En France, une proposition de loi « visant à prévenir les violences lors des manifestations et à sanctionner leurs auteurs » est discutée à l'Assemblée nationale. Si elle était adoptée, cette loi aurait de graves conséquences sur le droit de manifester pacifiquement en France.
Tout d’abord, si elle était adoptée, une telle loi ne répondrait pas aux violences commises par des individus dans les manifestations. Elle donnerait en revanche tout loisir à un pouvoir politique qui serait peu soucieux des droits humains de priver arbitrairement des milliers de citoyens de manifester. Elle permettrait aux autorités de poursuivre arbitrairement de nombreux manifestants et aurait un effet dissuasif fort sur la participation des citoyens à des manifestations.
Voir la vidéo : manifester est un droit
Le grand retour des interdictions administratives
La proposition de loi introduit la possibilité pour les préfets d'interdire à des personnes de manifester, sans aucun contrôle par un juge judiciaire, avec une possible obligation de pointage, sous peine de prison et d’amende. Elle prévoit aussi que ces interdictions administratives s'appliqueront à quiconque « appartiendrait à un groupe ou entretiendrait des relations régulières avec des individus incitant, facilitant ou participant à la commission » d’actes délictueux.
Cela n'est rien d'autre qu'une présomption de culpabilité par association. Il sera ainsi possible pour le préfet d'interdire à une personne de manifester, simplement sur la base de ses fréquentations jugées mauvaises par les services de renseignement ou le pouvoir exécutif .
Les préfets pourront aussi interdire à une personne de manifester lorsqu’il existe de « sérieuses raisons de penser que son comportement constitue une menace d’une particulière gravité pour l’ordre public ».
Cette formulation, vague et floue, est la même que celle utilisée pour les personnes suspectées de terrorisme dans la loi SILT (sécurité intérieure et lutte contre le terrorisme), qui a intégré les principales dispositions de l’état d’urgence en matière de lutte antiterroriste. Comme nous l'avions déjà dénoncé, une telle notion est contraire au principe de droit international de sécurité juridique. En ne permettant pas aux citoyens de connaitre les règles qui sanctionnent leur comportement et d’ajuster leurs choix en conséquence pour ne pas être punis injustement, elle ouvre la voie à l’arbitraire.
Des critères larges et flous
Avec des critères aussi larges et flous pourtant, ce sont des milliers de personnes qui pourraient potentiellement être visées par de telles mesures, loin du regard de la justice.
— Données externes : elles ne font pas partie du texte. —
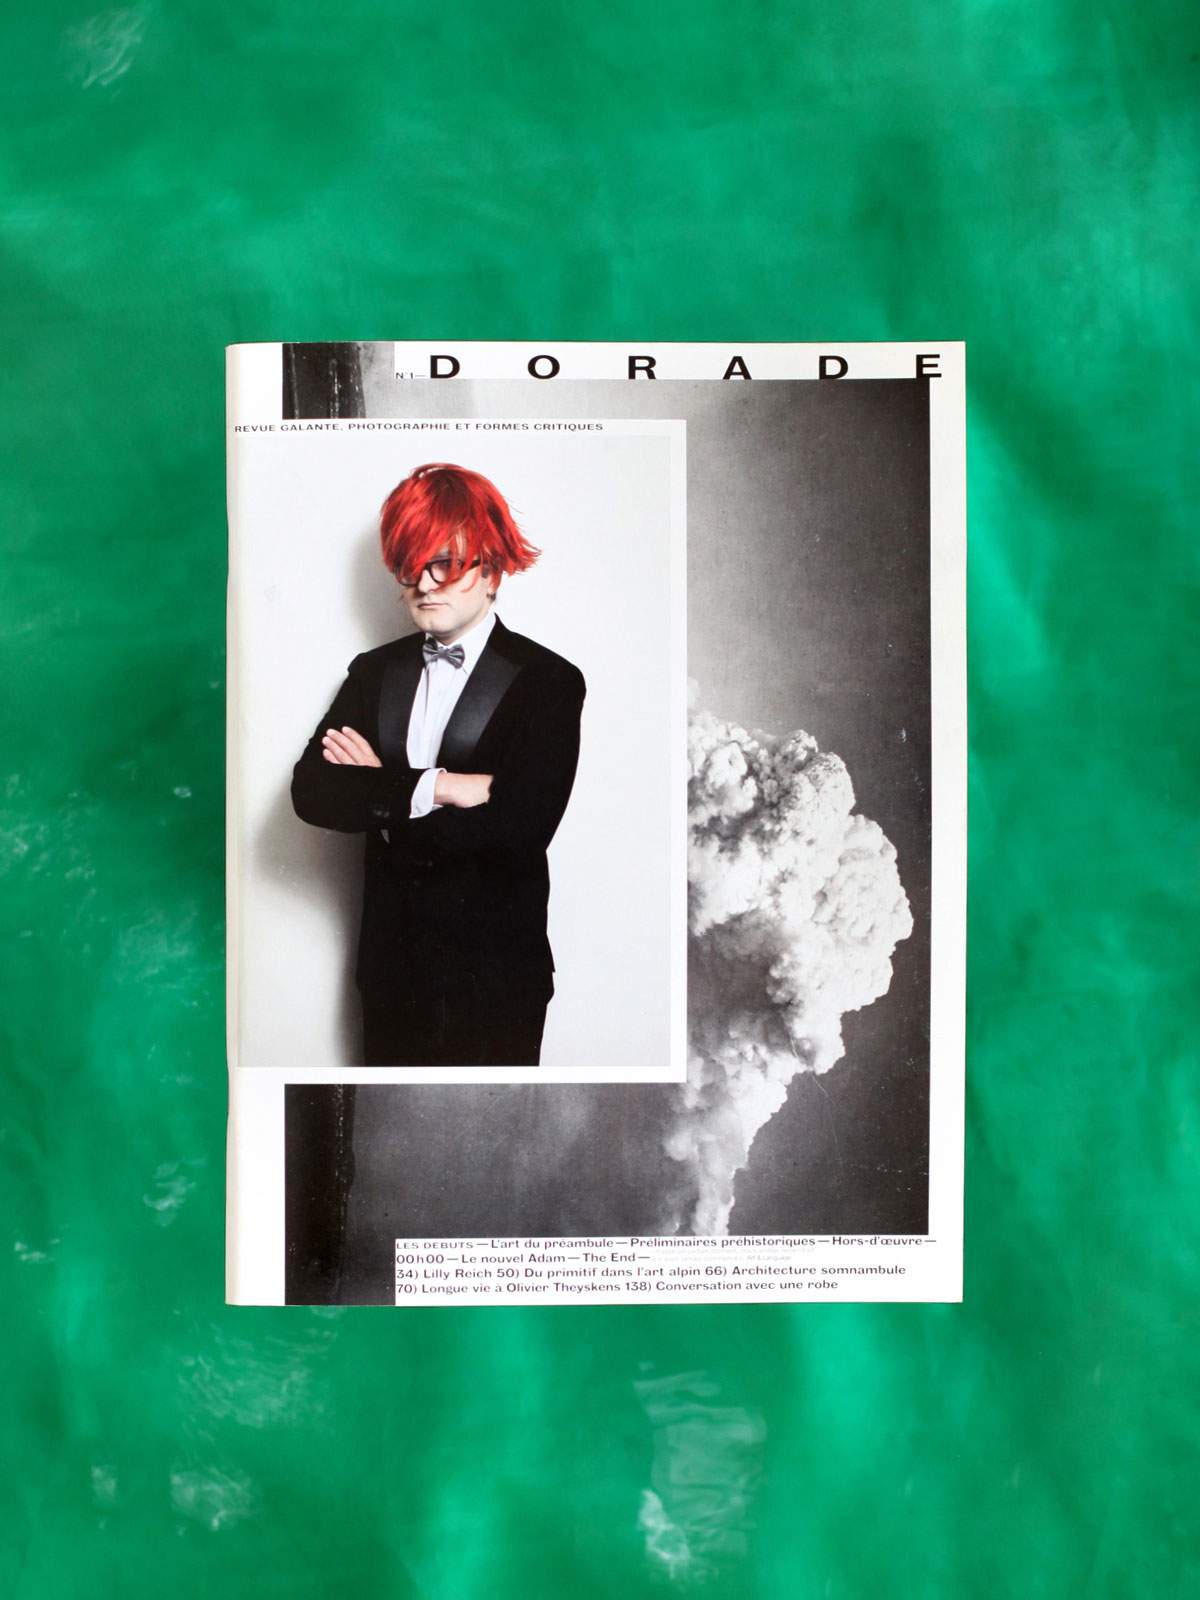 Das Magazin 'DORADE - Revue galante, photographie et formes critiques' (seit 2009)

Entre novembre 2015 et 2017, les pouvoirs d'exception de l'état d'urgence permettaient déjà aux préfets d'interdire à des personnes de manifester sans contrôle judiciaire : plus de 700 interdictions individuelles avaient ainsi été prises.
Comme nous l'avions constaté à l'époque, ces interdictions n'avaient en rien empêché les violences importantes commises par certains individus pendant les manifestations contre le projet de loi « travail », mais avaient privé arbitrairement des centaines de personnes de leur droit de manifester pacifiquement.
Au moment de mettre un terme à l'état d'urgence, le gouvernement d’Edouard Philippe avait eu la sagesse de refuser d'intégrer dans le droit commun cette atteinte fondamentale au droit de manifester.
Néanmoins moins de 15 mois plus tard, le même gouvernement assume sans complexe d'attaquer délibérément ce droit, alors que des centaines de milliers de personnes ont manifesté ces deux derniers mois, pour la plupart pacifiquement.
Cette logique de suspicion est déjà entrée dans le droit commun pour les personnes suspectées de relation avec d’autres personnes elles-mêmes suspectées de sympathie avec le terrorisme. Nous avons longuement documenté dans un rapport récent les conséquences dramatiques vécues par certaines des personnes visées.
Pendant la campagne présidentielle, Emmanuel Macron s'était publiquement engagé auprès de notre organisation à garantir le droit de manifester pacifiquement. Si une telle loi venait à être adoptée par le parlement, non seulement cela irait à l’encontre de ces engagements, mais cela signifierait un grave recul en France d’une liberté fondamentale.